LOS ALAMOS, N.M. — Unlike science, it’s harder to disprove centuries-old theories of mathematics — certain equations are simply absolute. However, a new study has seemingly done the impossible. Researchers at the Los Alamos National Laboratory uncovered an error in a 3D mathematical space model that explains how our eyes perceive different colors. Understanding the correct formula may help the television and paint industries reformat how they create visual imagery and color.
Nobel Prize-winning physicist Erwin Schrödinger created the 3D mathematical space more than 100 years ago to explain how the eye can identify one color from another. How humans perceive color has helped immensely in the image processing of computer graphics and visualization tasks.
“The assumed shape of color space requires a paradigm shift,” explains Roxana Bujack, a computer scientist with a background in mathematics who creates scientific visualizations at Los Alamos National Laboratory, in a media release.
Bujack says that while it wasn’t the team’s intentions to overturn a foundational theory in math, “proving one of them wrong is pretty much the dream of a scientist.”
The original plan was to create mathematical algorithms to enhance color maps for data visualization with the goal of making them easier to understand. However, when researchers applied Riemannian geometry, which allows generalizing straight lines to curved surfaces, it didn’t work.
In order to perceive different colors, you need to use Euclidean spaces — the type of geometric shapes you probably learned in high school. More advanced models use Riemannian geometry. Each model plots red, green, and blue in the 3D space. Scientists use those colors because they are the most detectable hues in the light-detecting parts of the eyes. As a result, these colors are most often used and blended together in different combinations to create all the images you see on your computer screen.

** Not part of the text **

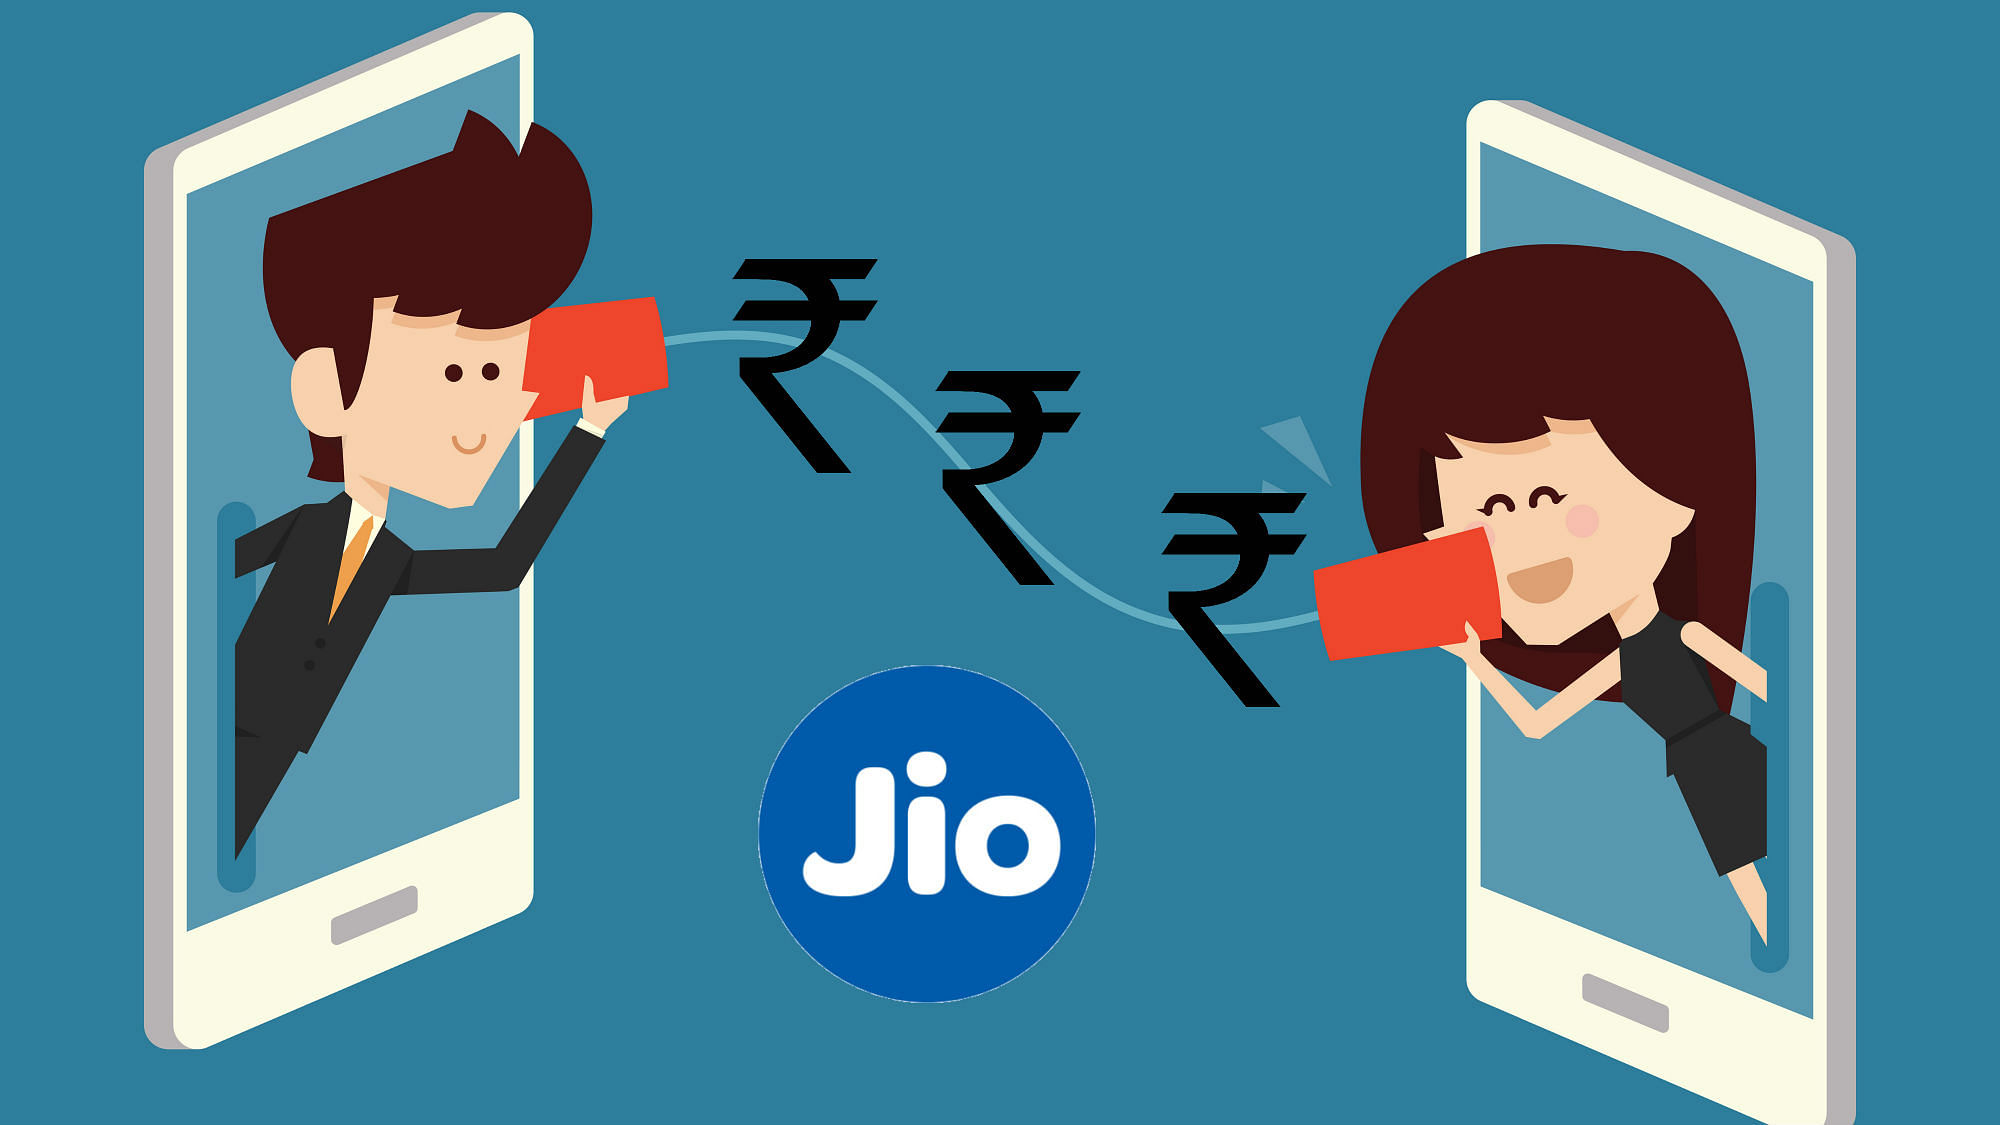 Jio 4G users can avail 4G data usage up to 750GB in a year. (Photo: <b>The Quint</b>)
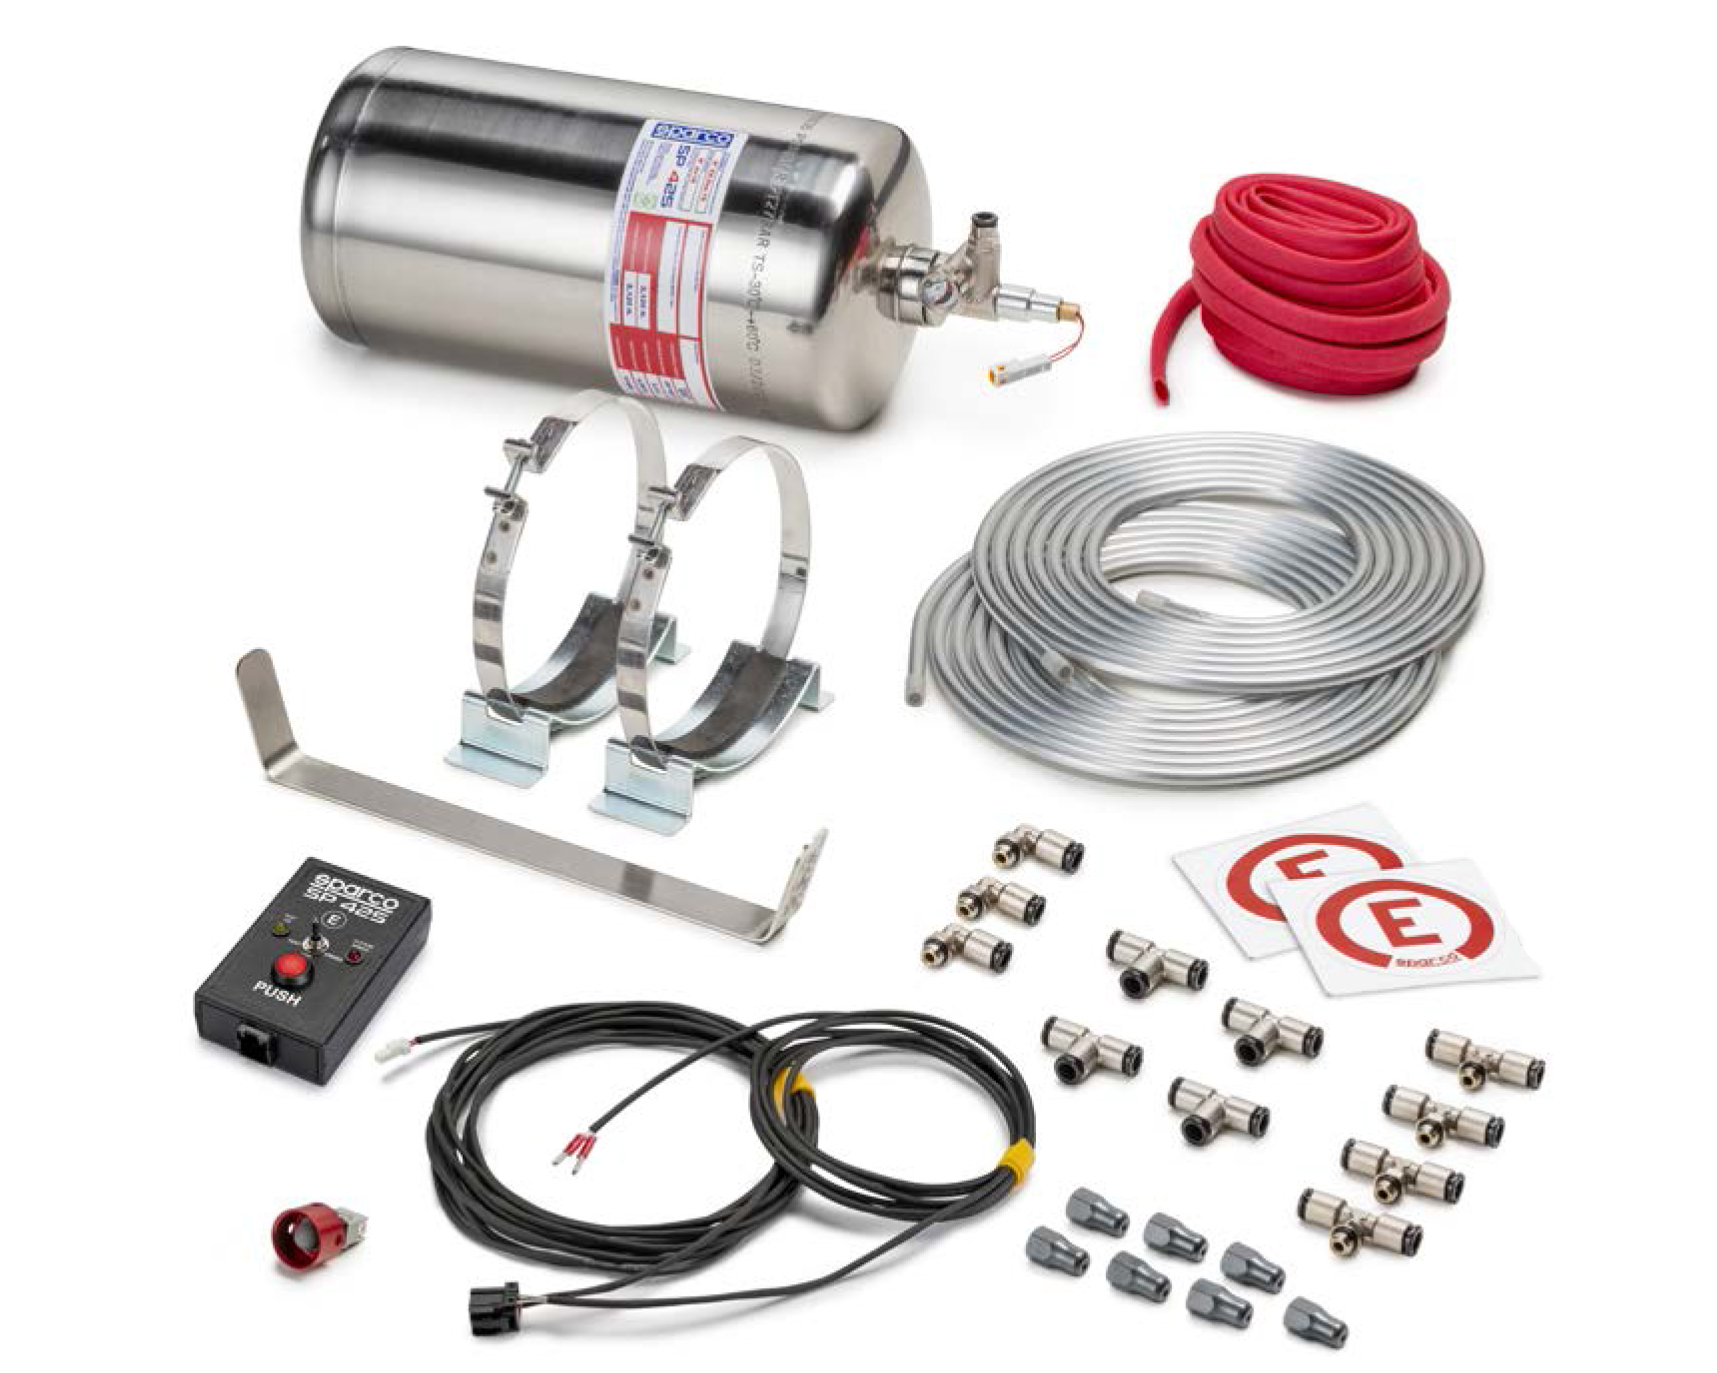 Sparco 014772EXL - Fire Suppression System, Electronic, AFFF, FIA Approved, 4.25 L Bottle, Controller / Fittings / Hose, Kit

Using psychology, biology, and mathematic principles, the research team found that Riemannian geometry vastly overestimates the perception of large color differences. The reason why is because people view a big difference in color to be less than the sum if you add up all the small differences in color that lie between two widely separated shades.
“We didn’t expect this, and we don’t know the exact geometry of this new color space yet,” says Bujack. “We might be able to think of it normally but with an added dampening or weighing function that pulls long distances in, making them shorter. But we can’t prove it yet.”
The study is published in the journal Proceedings of the National Academy of Sciences.